Martha Kunig-Rinach, née Martha Rinach (1 April 1898 – 24 March 1993) was a German actress and operetta singer (mezzo-soprano).

Life and career 
Born in Munich, Kunich-Rinach made her debut at the age of 17 at the Munich Residenz Theatre. From 1938 to 1944 she was engaged at the Münchner Volkstheater. Two years later she came to the Staatstheater am Gärtnerplatz, to which she belonged for many years as a permanent member of the ensemble. Kunig-Rinach, who in the end only achieved regional fame, also played small character roles in several German movies such as: Das seltsame Leben des Herrn Bruggs (1936), Der weißblaue Löwe (1952), Ein Herz schlägt für dich (1949),  (1951), Begegnung mit Werther (1949), Das kann jedem passieren (1952), and Das schreckliche Mädchen (1990).

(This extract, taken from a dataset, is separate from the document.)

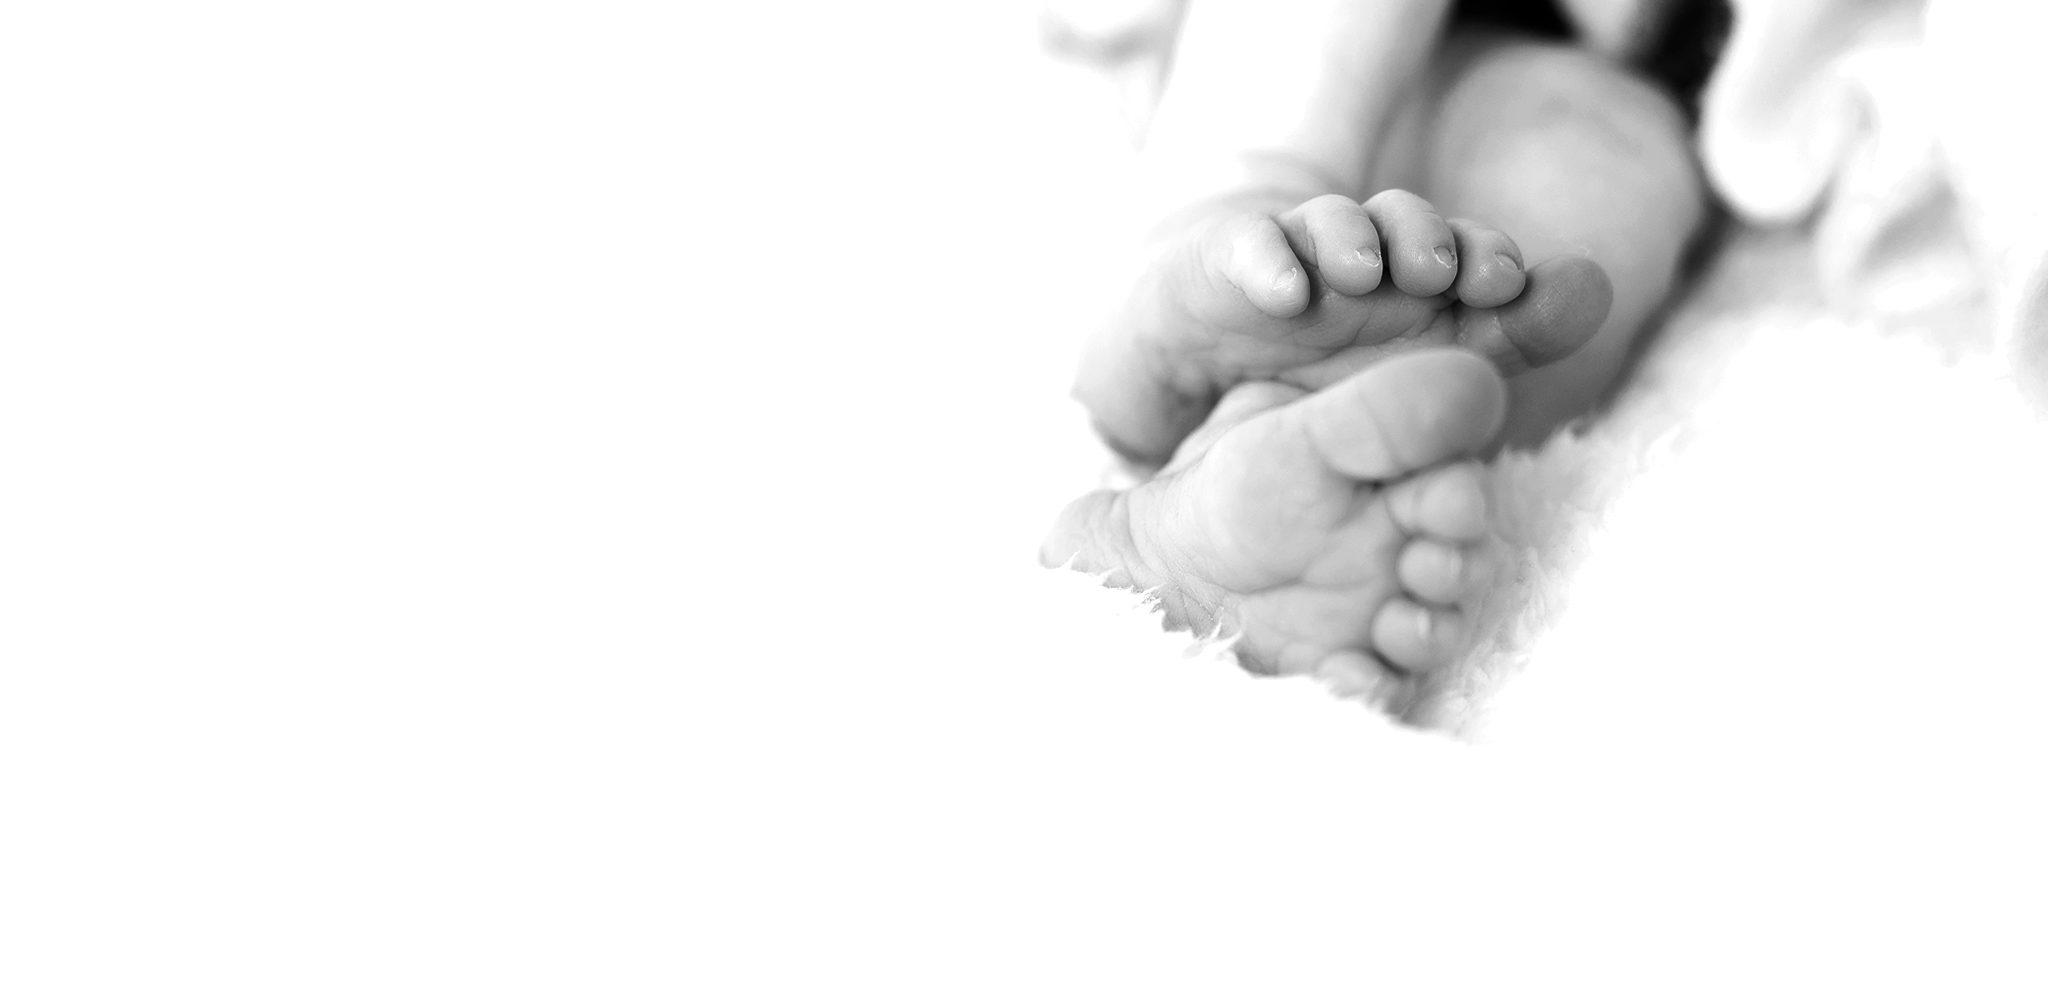 Newborn-4

She also appeared on radio, including 15 episodes (from 1969 to 1985) of the Bayerischer Rundfunk program Das Bairisch Herz, Heiteres und Besinnliches in Worten und Liedern. In 1962 she played a leading role in "Das Dienstjubiläum" in Der Komödienstadel alongside Michl Lang, ,  and others. From the 1950s, she also worked as a dubbing artist.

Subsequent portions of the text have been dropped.